The timing matters. Dallas is midway through a broader municipal digitization push tied to the 2025–2027 Smart City Action Plan, which committed the city to streamlining public records infrastructure ahead of a projected 30 percent increase in open-records requests by fiscal year 2028. Redundant image files slow retrieval times, inflate cloud storage costs, and create compliance headaches when attorneys or journalists request photographs under Texas Public Information Act filings. Getting this right isn't optional — it's a legal and operational obligation.
What the Audit Found and Where the Problems Are Concentrated
The heaviest concentrations of duplicates turned up in collections tied to three high-activity areas: the Dallas Convention Center archive on South Griffin Street, the Park and Recreation Department's documentation of projects along the Trinity River Corridor, and the Office of Historic Preservation's catalog of structures in the Deep Ellum and Oak Cliff neighborhoods. Files in those collections had in some cases been uploaded two, three, or four times by different staff members using different naming conventions, creating a fractured inventory that no single department could fully reconcile on its own.
The ITS department has been working with the City Secretary's Office, which under Texas law bears ultimate responsibility for municipal records retention. The two offices now have until September 30 — the close of the current fiscal year — to present a replacement and consolidation plan to the City Council's Government Performance and Financial Management Committee. That committee, which oversees the city's roughly $4.4 billion annual operating budget, will have to weigh the cost of a dedicated digital asset management platform against the patchwork of existing tools currently in use.
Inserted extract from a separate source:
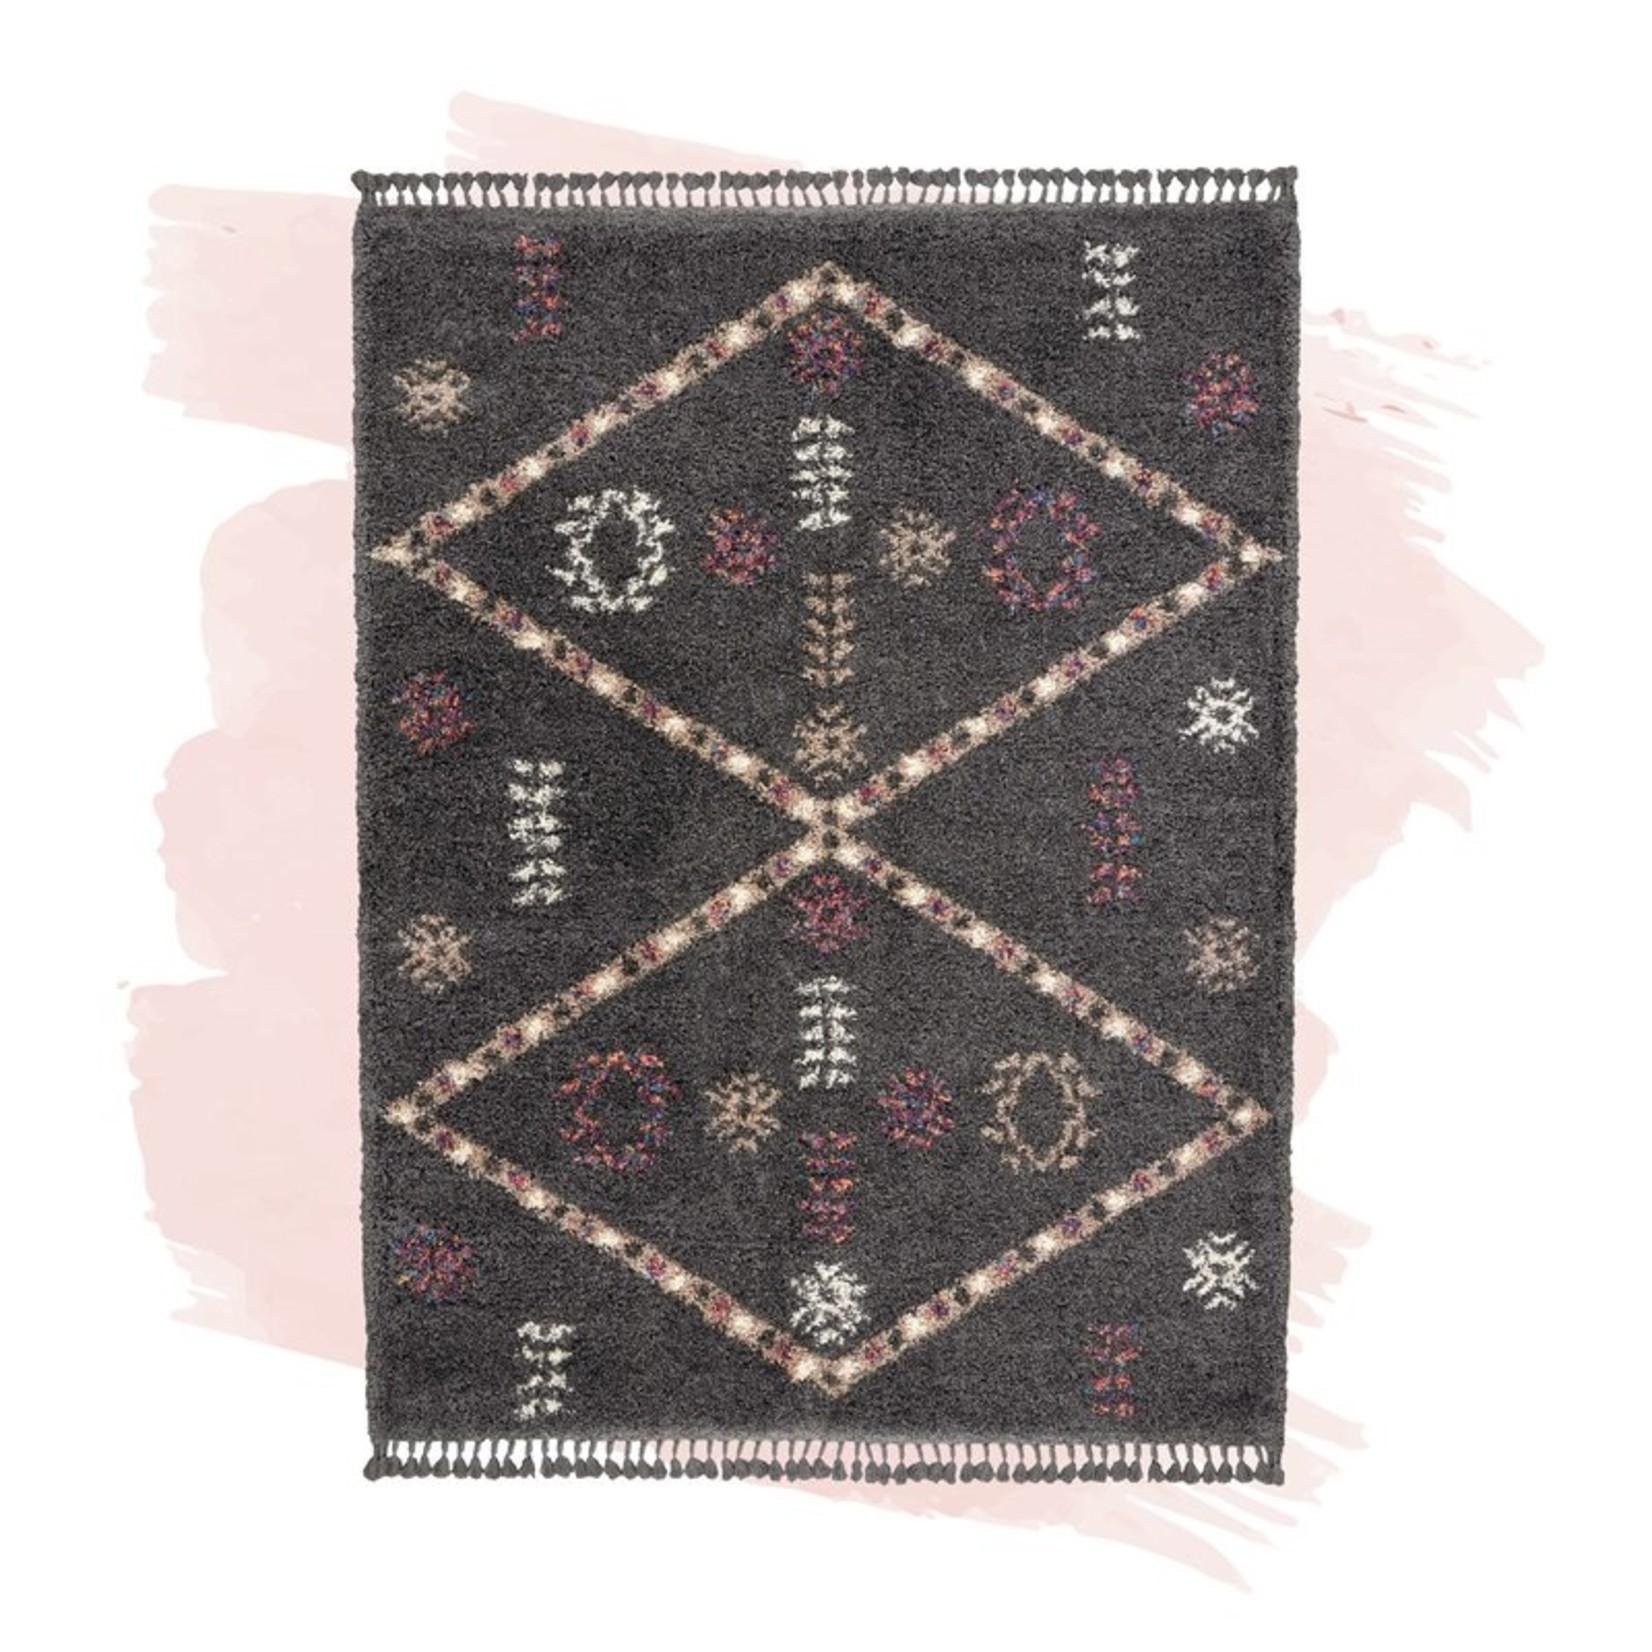 "*4' x 6'3"" - Coby Bohemian Tribal Southwestern Shag Gray/Cream Area Rug"

Vendors typically quote enterprise digital asset management systems for a municipality Dallas's size at between $180,000 and $400,000 annually, depending on storage volume and user licensing. The city has not yet issued a formal Request for Proposals, though ITS staff are understood to be preparing procurement language. A competitive RFP process under Dallas's purchasing rules typically runs a minimum of 90 days from publication to contract award, meaning any new system would be unlikely to go live before spring 2027 at the earliest.
The Decisions That Will Define the Outcome
Three choices will determine whether this audit translates into lasting improvement or another incomplete reform effort. First, the city must decide whether to vest authority for image governance in a single office — the most likely candidate being the City Secretary's Office — or continue with the current distributed model where each department manages its own files. Consolidation would reduce duplication at the source but requires buy-in from departments that have guarded their own archives for years.
Second, Dallas has to resolve what happens to the duplicates already on the servers. Deleting public records, even redundant copies, requires sign-off from the Texas State Library and Archives Commission under the Local Government Records Act. Staff from the city's Records Management Division will need to prepare a formal records disposition request before any bulk deletion can proceed. That process can add months to the timeline.
Third, and most immediately, the Government Performance and Financial Management Committee will need to decide whether to fund an interim fix — likely expanded cloud storage through the city's existing Microsoft Azure contract — while the longer-term procurement plays out. Without that bridge, retrieval delays for public records requests could worsen through the end of 2026.
Community organizations that regularly submit open-records requests, including several neighborhood associations in East Dallas and along the Greenville Avenue corridor, have flagged slow image retrieval as a persistent friction point in their dealings with City Hall. The audit gives officials a concrete problem to solve. The next 90 days will show whether they have the will to solve it.